I've been thinking more lately about how to get "Basic Web" - just like normal HTML and maybe a little bit of CSS (No Service Workers, Background Sync, DRM, etc.) and make it work over a LORA/Meshtastic rig somehow.
Modern smartphones could implement more Data Saver features, but websites could opt-in by using less data. For example, https://marcusb.org/hacks/tinyblog.html
Personally, I think Reticulum is the parallel Internet. It could even replace the Internet Protocol, and whatever the IP protocol connects is in my view the Internet.
For something so complex like a PC or desktop experience, having a bunch of oppositional goals (like ad pop ups) do not serve the user well enough. Often times a committee releases a product, but there is no real consensus or accessibility in mind.
> So what is Thinnernet? Imagine a fiber optic bundle of undersea cables- maybe a hundred or so 10Gbps cables comprising....
and the question goes unanswered. is it a protocol? physical layer? guideline? no idea.
[1] https://www.markdownlang.com/advanced/javascript.html
I don't really have any coherent picture but I would like to see these ideas I think:
- Anti-commercial/anti-tracking: maybe requiring some sort of open-source license for all published content that makes it harder to commercially exploit the information, ideally this would be by and for the community, especially in light of recent aggressive LLM-training crawling. I would also like to exclude advertisement and tracking.

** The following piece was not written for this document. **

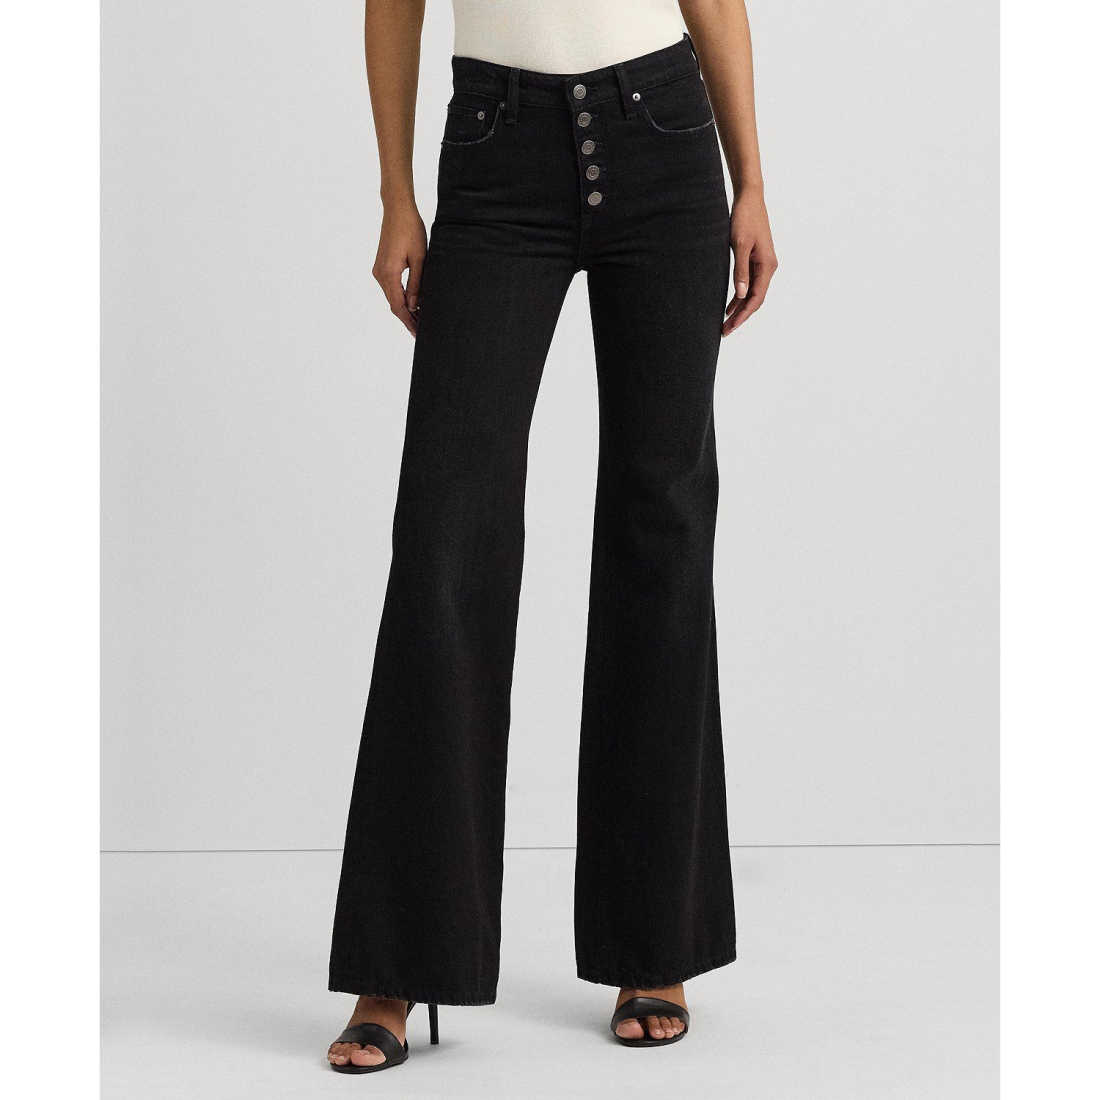 Women's 'High-Rise Flare' Jeans

- Browser-less: The idea would be to do away with the complexity of the modern web (as people say, browsers are basically operating systems), back to more of its hyper-text roots. Simple documents, mostly textual information. I could imagine a mix of basic markdown and some pre-wired complex/interactive views like "forum" or "blog" and so on (differences in how data is loaded, presented, ...) - the idea would be to implement the "app" part in the browser-replacement and not in the web-page itself if that makes sense. This would lead to more uniformity but that might be a good thing. I'm not even sure if/how images would fit in or videos.

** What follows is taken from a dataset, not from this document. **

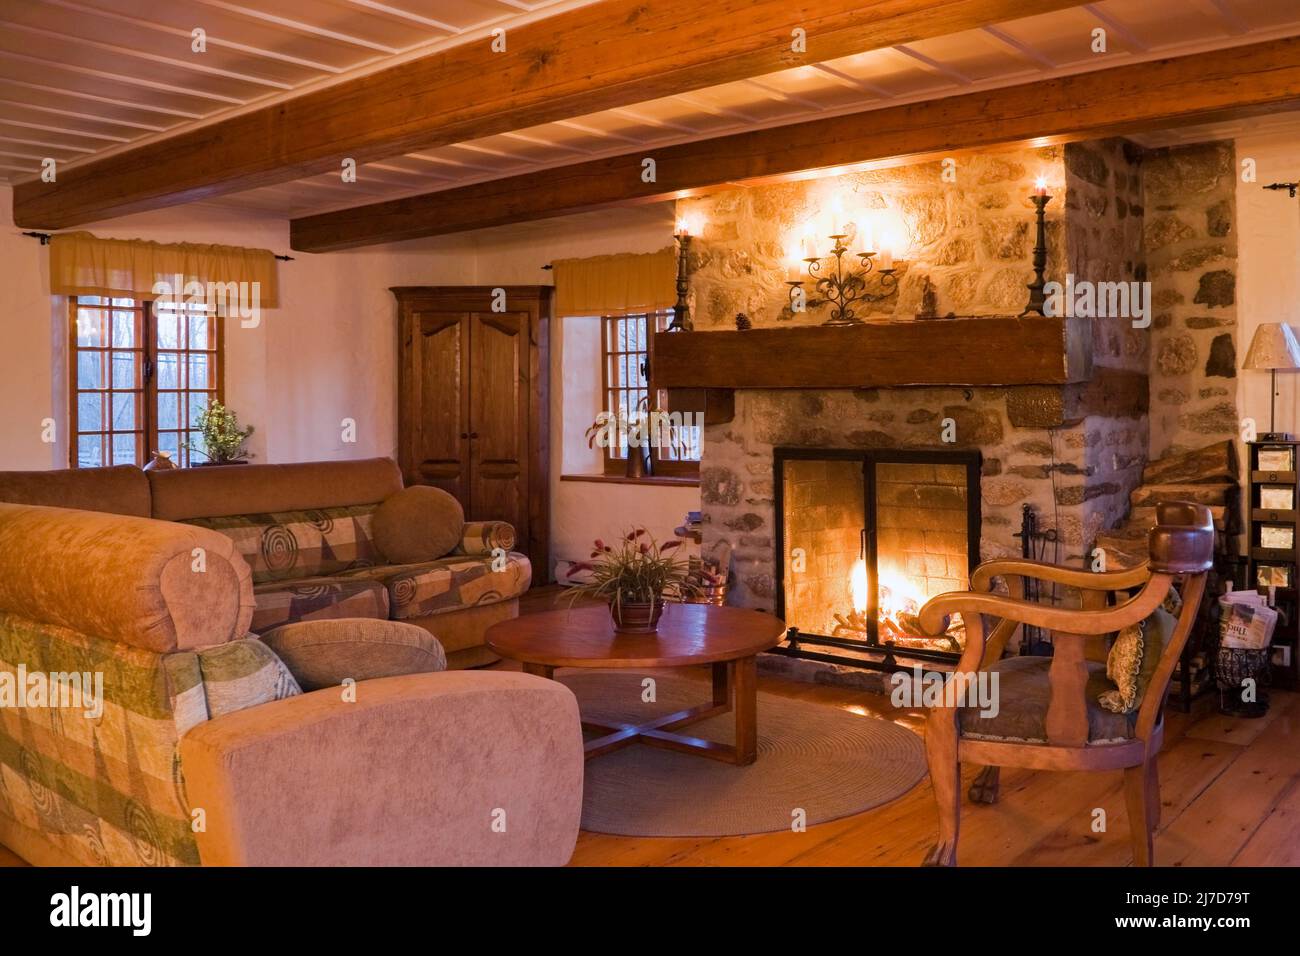 Lit stone fireplace and antique furnishings in living room inside 1800s log home. Stock Photo

- Peer-to-peer?: Hosting should be as simple as hitting a "publish" button on an article. I like the idea of decentralization, so maybe there could be some sort of peer-to-peer federation where users could "host" content that they've read, liked or general content that's part of a certain (sub-) community. This might require some ranking like HN or a similar mechanism to (unfortunately) censor certain content if the community would not believe it to match their values - so not ultimate freedom. P2P would be more about decentralization, and maybe anti-tracking than pure censorship-resistance.
A session might look like opening the "non-browser" app - it would be fast and require very little memory. Then you'd select or type a community/site and you view of all the content with filters and sorts, depending on the community/site's "template" (again, this is not JS/HTML - basically a native form rendered directly if you will). When you feel like it, you click the "create" button, a text-area + preview pops up and you write your post or article in markdown. When happy, you "publish" and it gets slowly disseminated through all the P2P nodes of your community. This could encompass communities like HN or reddit even if the voting mechanics are worked out, personal blogs, ... but would probably exclude e-commerce stores or video sites because the engine would be potentially too simplistic - and that's fine by me.